Anomalies in dual energy X-ray absorptiometry measurements of total-body bone mineral during weight change using Lunar, Hologic and Norland instruments.

Abstract

A previous study showed that measurements of total-body bone mineral changes made with a Hologic QDR 1000W were unreliable when the subjects underwent weight change. The study has been extended to dual energy X-ray absorptiometry (DXA) apparatus from other manufacturers. Re-analysis of published results during weight loss using a Lunar DPX showed that they varied with the software used. Using the Extended mode, there was a 1% loss of bone mineral areal density (BMD), but no significant change in bone mineral content (BMC) or bone area (BA) following a weight loss of 16 kg, whereas the use of the Standard mode led to a larger fall of BMC and BMD. Similar findings arose from the consideration of two studies using Norland XR 26 HS absorptiometers. On the other hand, separation of two groups with similar weight changes from the population studied with a Hologic QDR 1000W confirmed that BMC changed directly with weight, but there was an inverse relationship for BMD, owing to an inappropriate change of BA. The use of Hologic Enhanced and Standard software modes led to significant differences in initial readings and measured changes. With each instrument there was a strong correlation between changes in BA and changes in BMC. When 6 kg of lard was wrapped around the limbs of volunteers or a semi-anthropomorphic phantom to simulate weight change, there were spurious increases of measured BMC and BA by about 5% with each instrument.
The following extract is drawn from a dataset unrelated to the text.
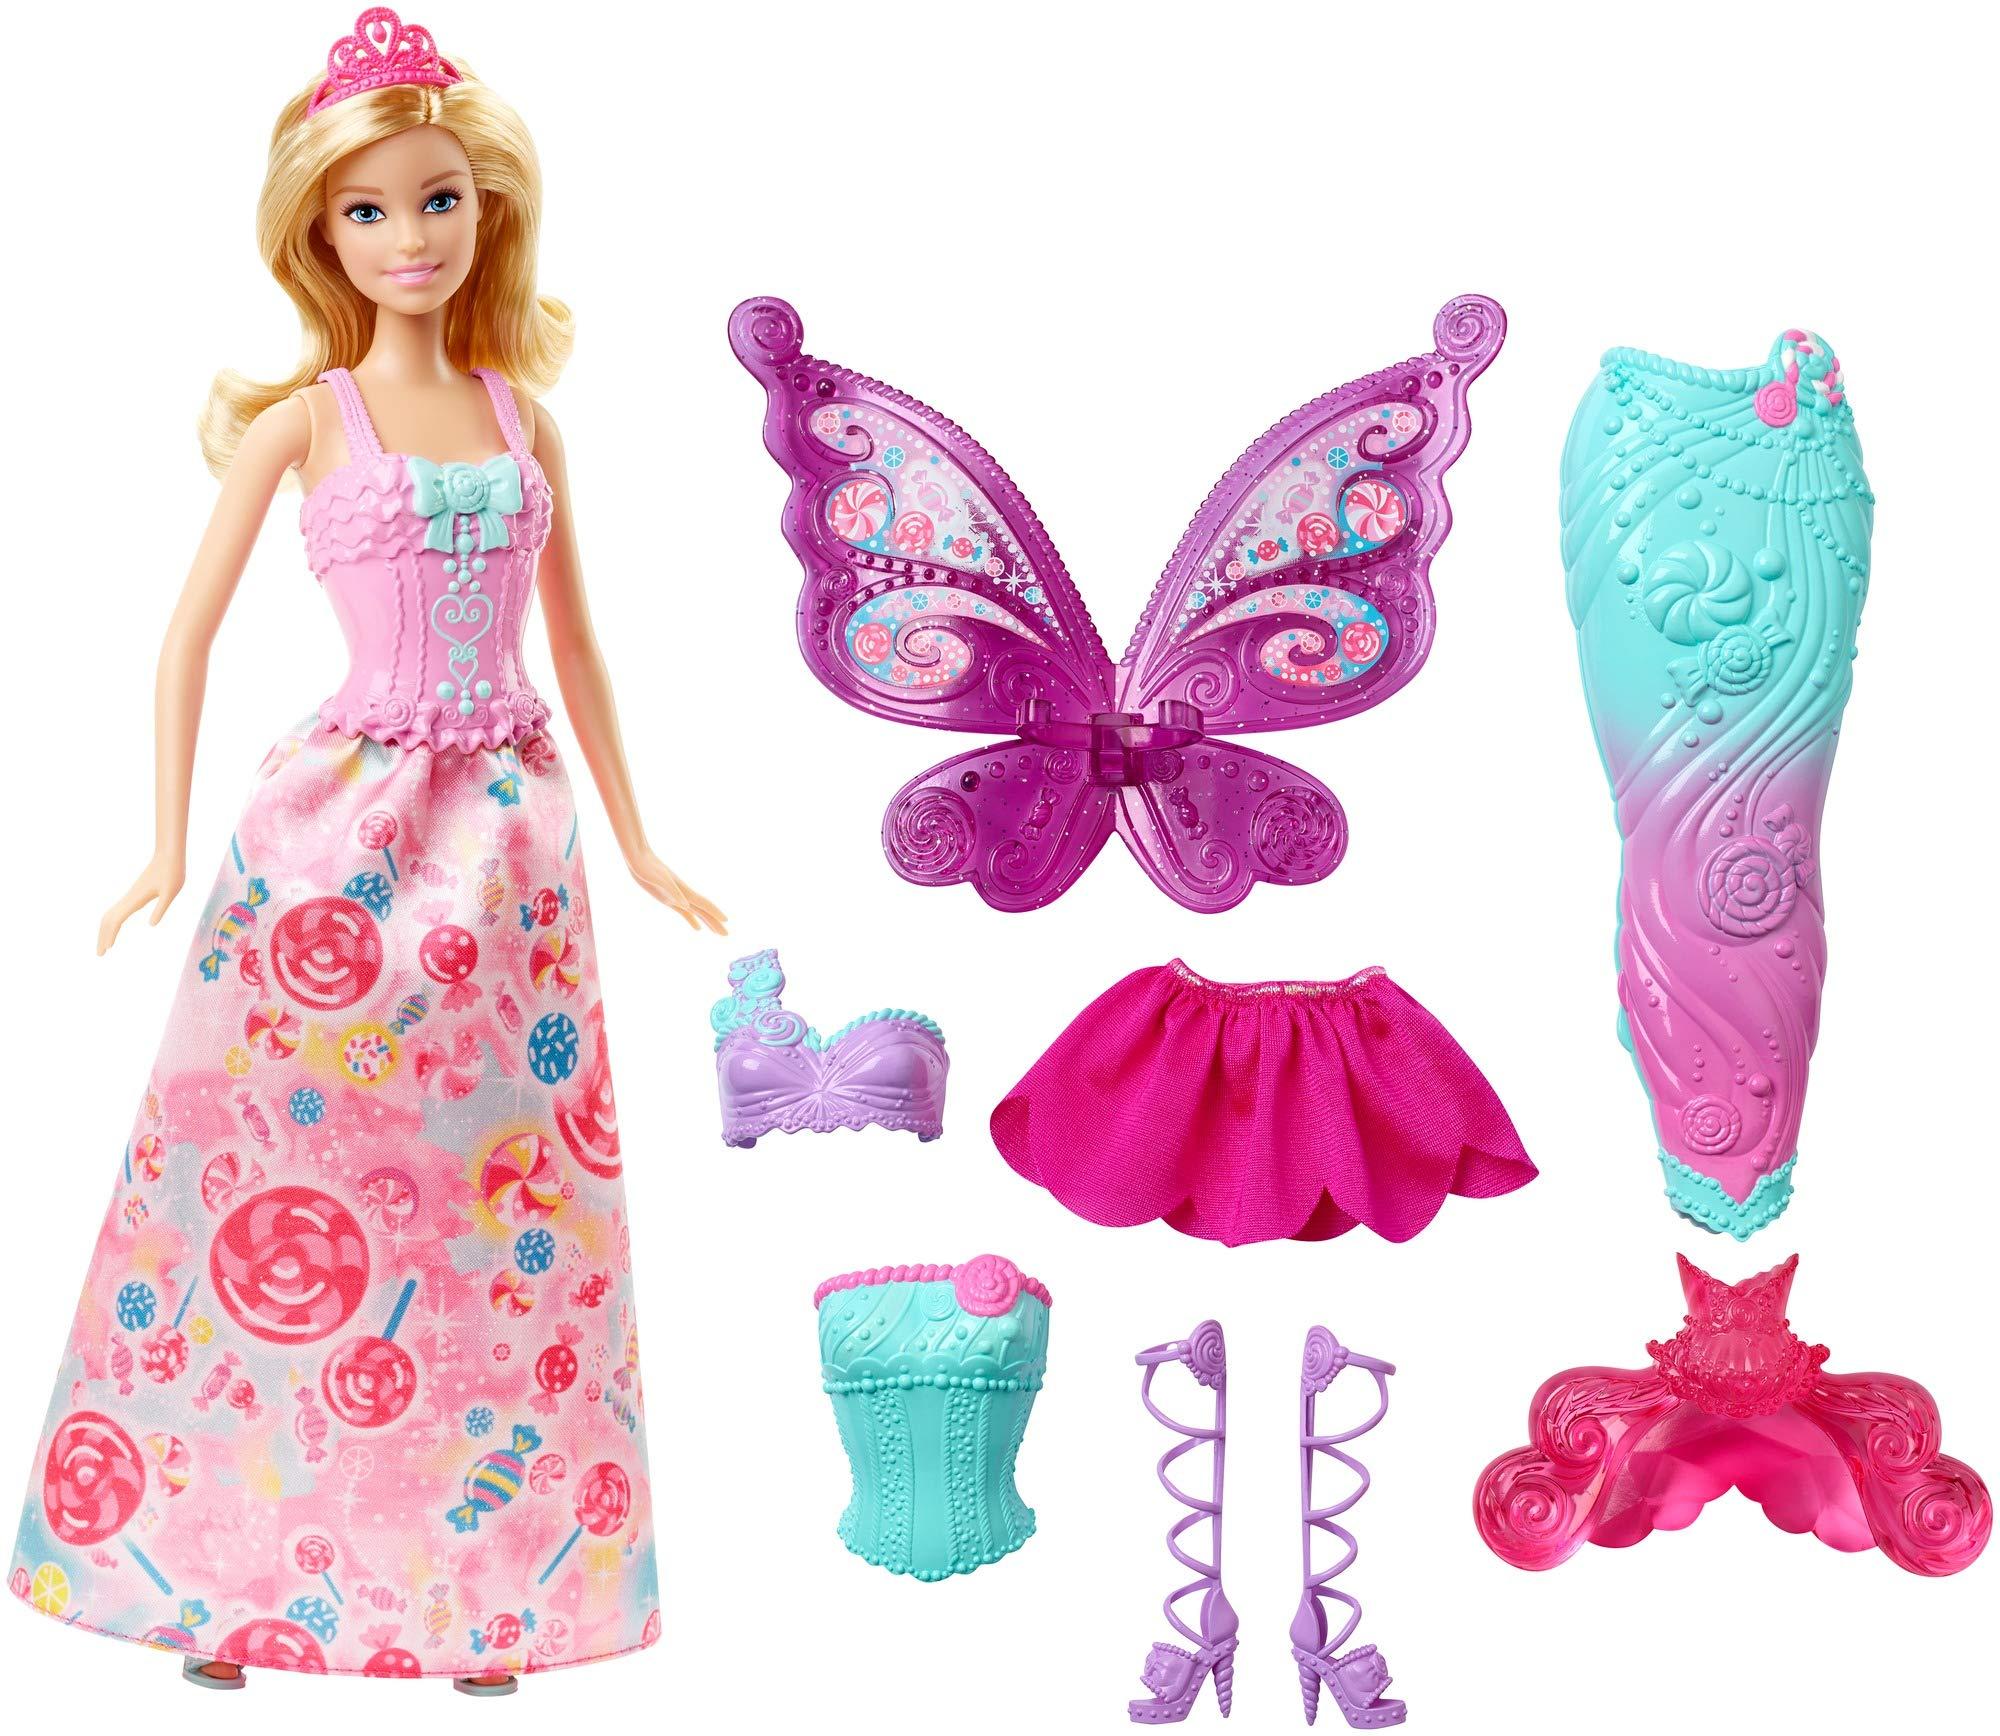 Barbie Fairytale Dress Up Doll [Amazon Exclusive]

There were no changes of BMD with Lunar, variable results with Norland, but decreases with Hologic. The results observed in vivo could be explained by the effects of fat changes, without there being any real change of bone mineral. Changes of BMD in the skeleton of the phantom were underestimated with all three brands. The anomaly observed with the Hologic QDR 1000W is less apparent with a Lunar DPX or a Norland XR 26, but there are sufficient uncertainties for all total-body measurements during weight change to be treated with suspicion.